Evidence from the Ryzen then:
* If you want something heavier than -8, but are not willing to wait for -8p, try another tukey as described, or for simplicity, upping the game to -A subdivide_tukey(4).
* If you want something heavier than -8p, try the same thing
* If you are willing to wait for something that takes >10x as long as -8 (>3x as long as -8p), then I haven't checked much. Maybe at this stage you could consider -r7 - maybe -r7 is worth it "even earlier" on the Intel (see next).



Over to the Intel-equipped Dell laptop, I found something similar, except:
* timings vary too much to be reliable "at every line", but applying the rule of "when in doubt, delete one that the Ryzen results suggest I delete" I end up with something that by and large appears to give the same expression - except possibly -r7. And with the reservation for unreliable timings taken:
* -r7 doesn't seem that worthless as on the Ryzen.

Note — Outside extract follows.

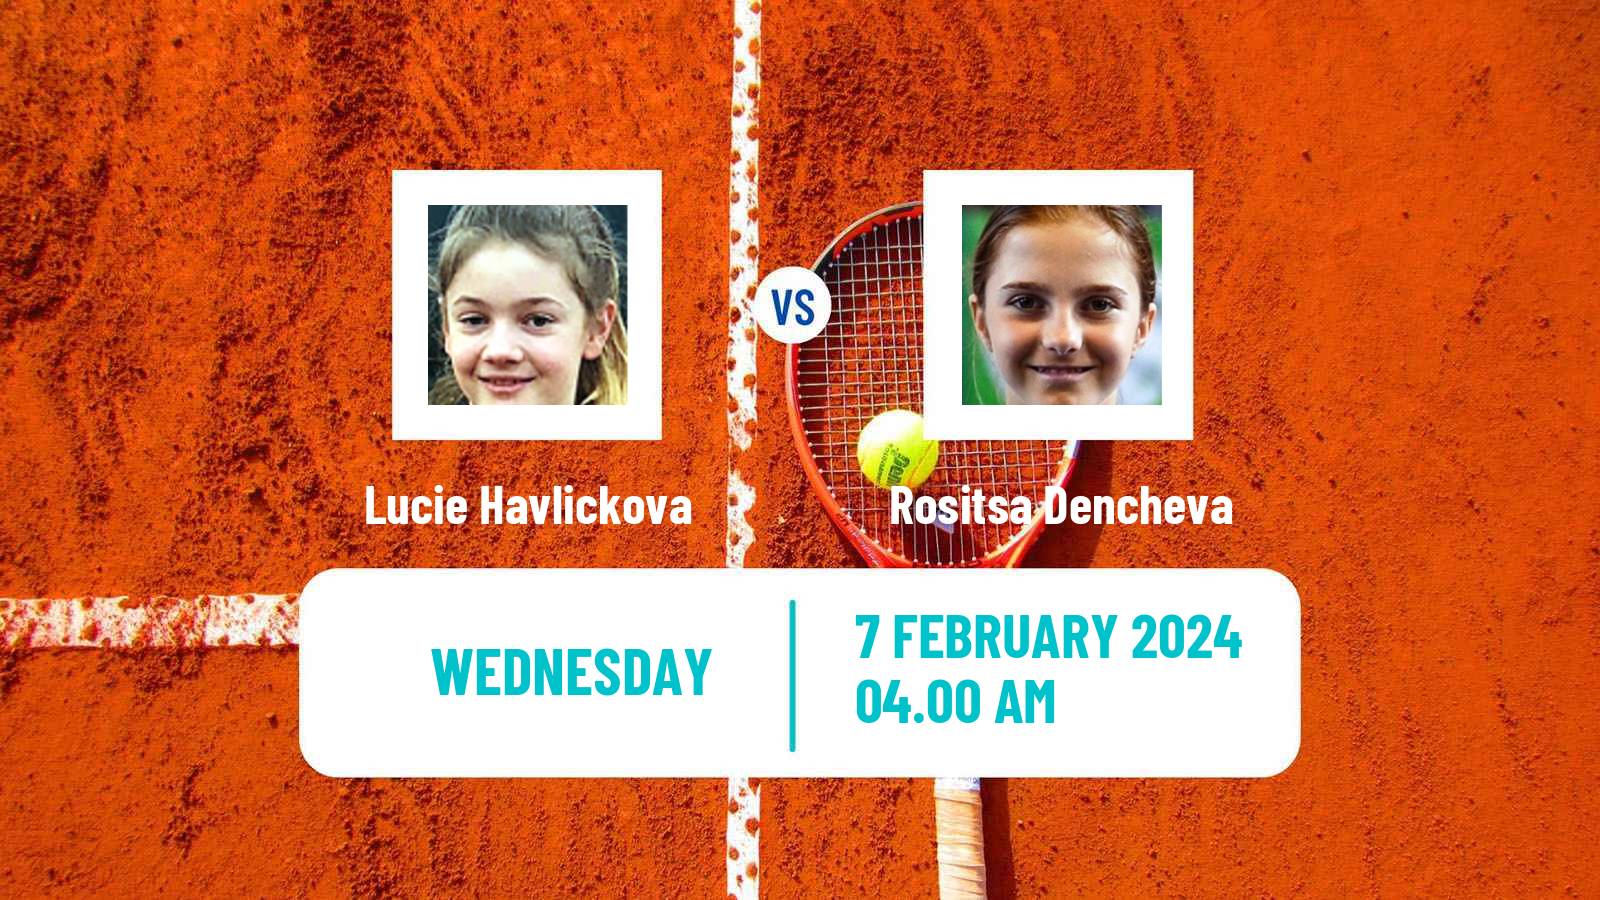 Tennis ITF W35 Antalya 2 Women Lucie Havlickova - Rositsa Dencheva

Actually you can consider -8p  A "tukey(666e-3);subdivide_tukey(3/333e-3)" -r7 rather than going to subdivide_tukey(4) or at least against (5).  Or maybe for short is you don't feel like typing wrong: -8p -r7 might be worth it. YMMV.


Oh, and for reference, compared to WavPack's -x4 vs -x
* Going up to -8p is about like going -hx to -hx4 with WavPack in terms of gains per second. (-hx4 is considered very slow, but the gains are higher; -8p is not that slow, but saves about proportionally less).
* From -8p to -8p  A "tukey(666e-3);subdivide_tukey(3/333e-3)" is about like going -hhx to -hhx4.